Exercise data:

- - -

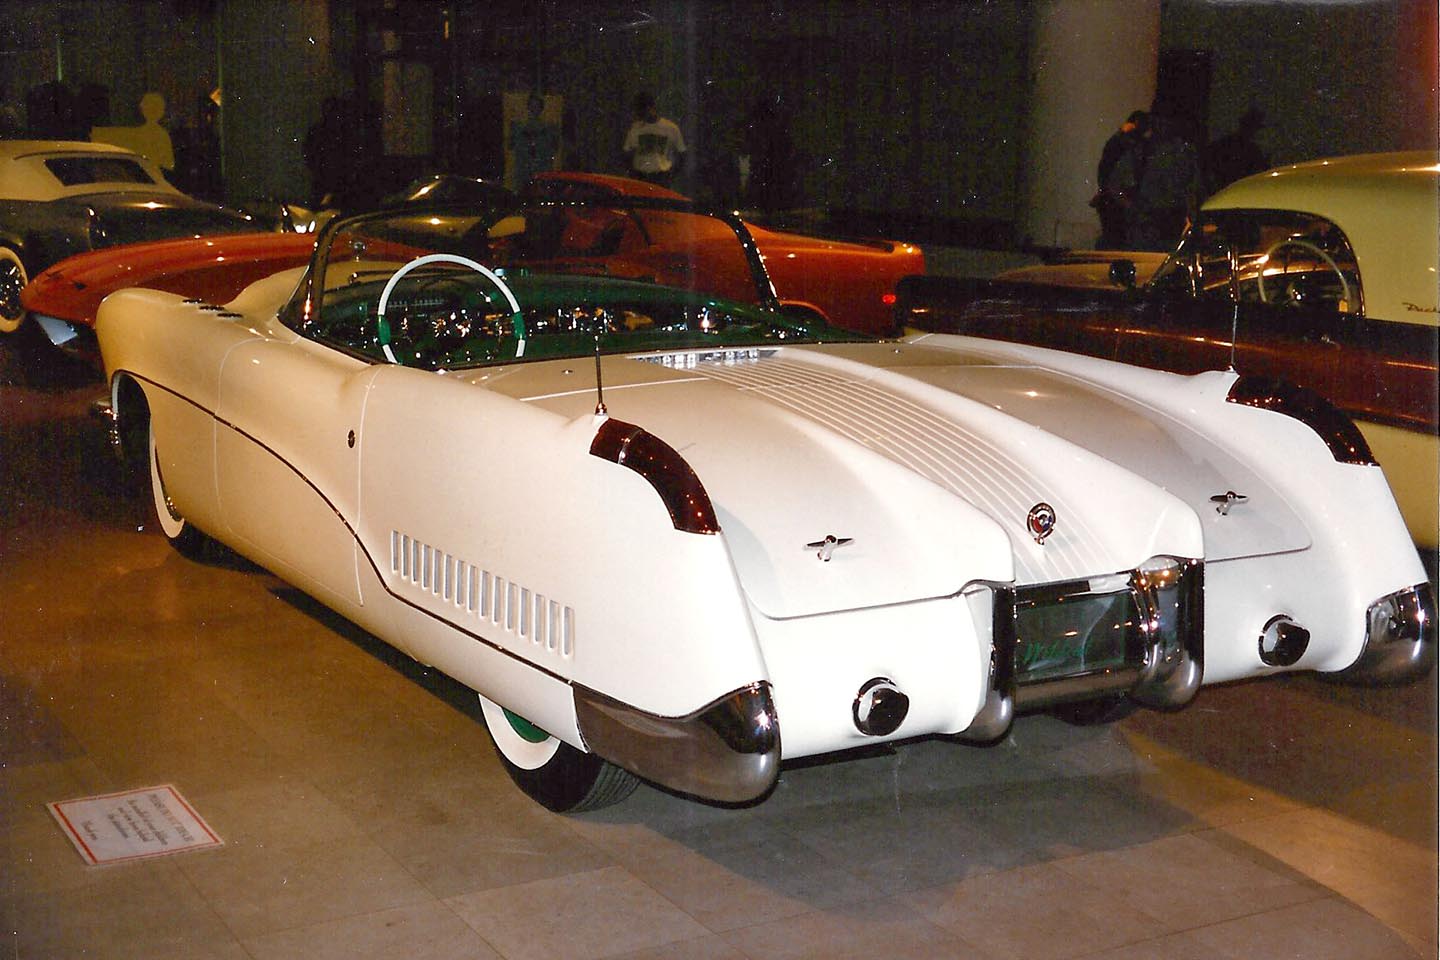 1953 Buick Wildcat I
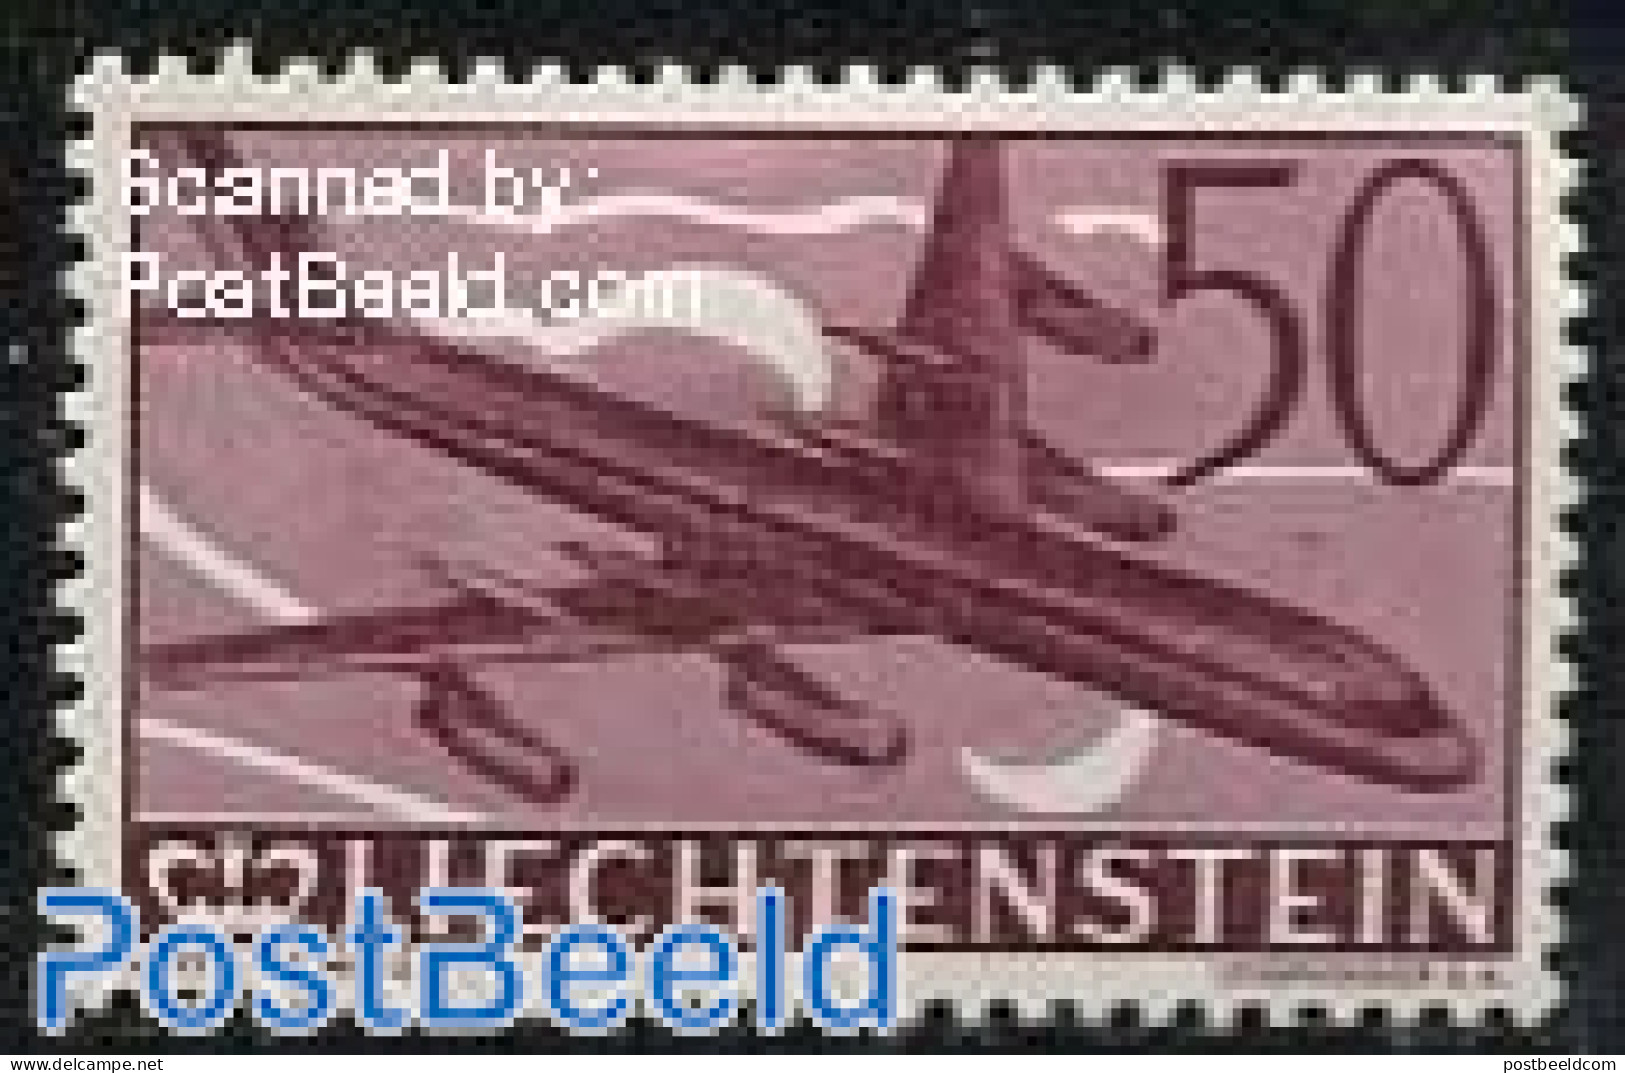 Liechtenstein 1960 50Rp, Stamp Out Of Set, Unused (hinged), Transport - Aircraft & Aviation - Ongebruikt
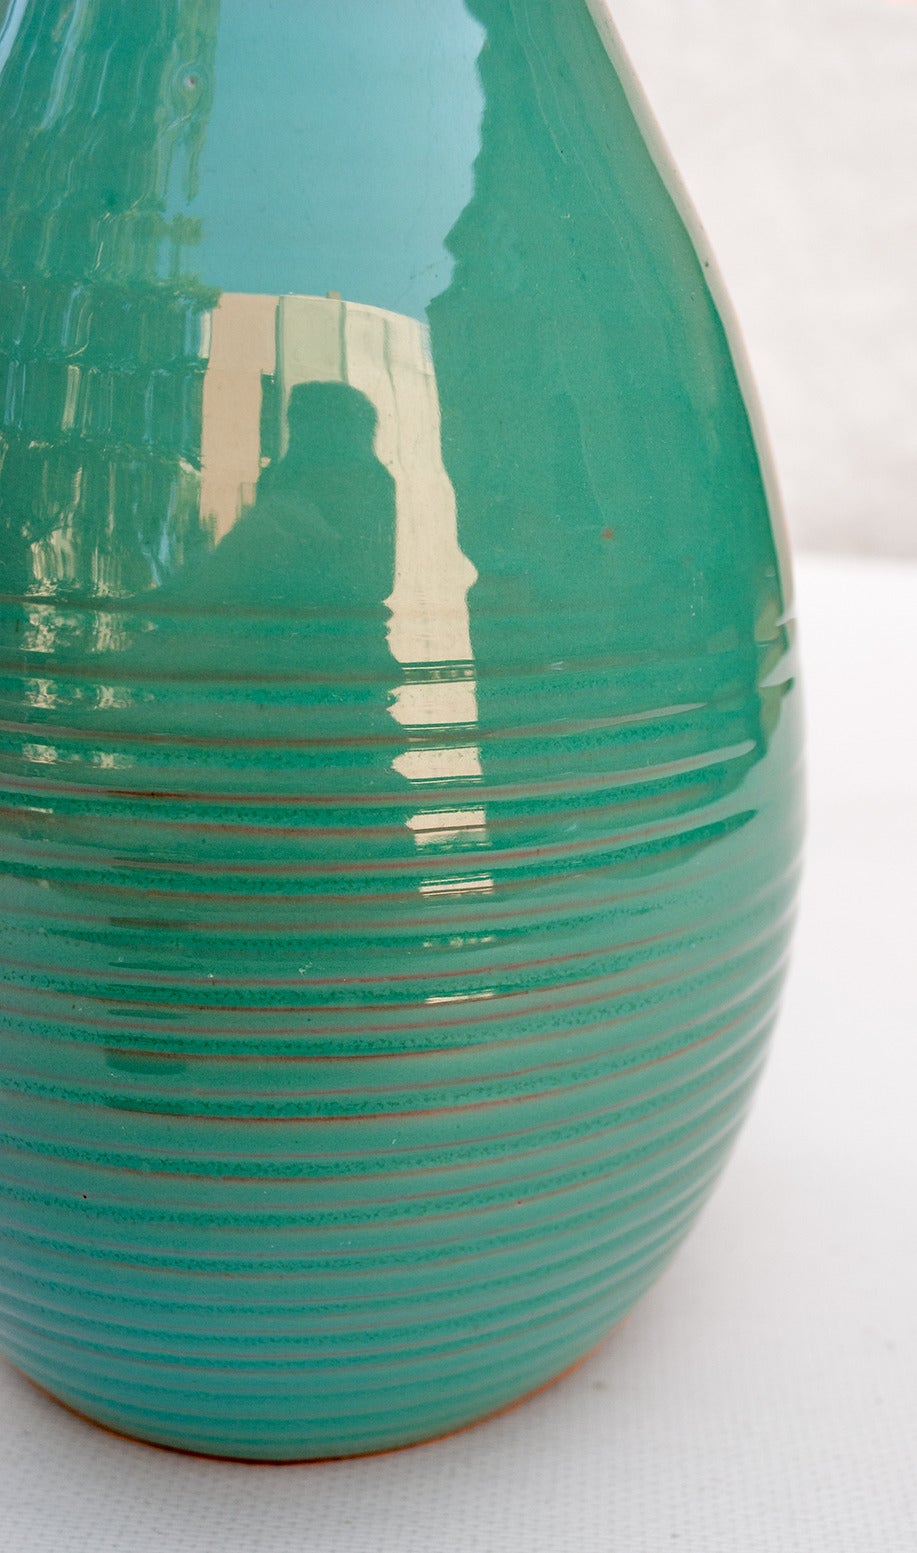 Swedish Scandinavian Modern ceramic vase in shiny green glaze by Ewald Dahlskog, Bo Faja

- - -

Activity: Output the data exactly. Pictures don't belong in the result.

Result of the task:
 1953 Buick Wildcat I
 Liechtenstein 1960 50Rp, Stamp Out Of Set, Unused (hinged), Transport - Aircraft & Aviation - Ongebruikt
 Swedish Scandinavian Modern ceramic vase in shiny green glaze by Ewald Dahlskog, Bo Faja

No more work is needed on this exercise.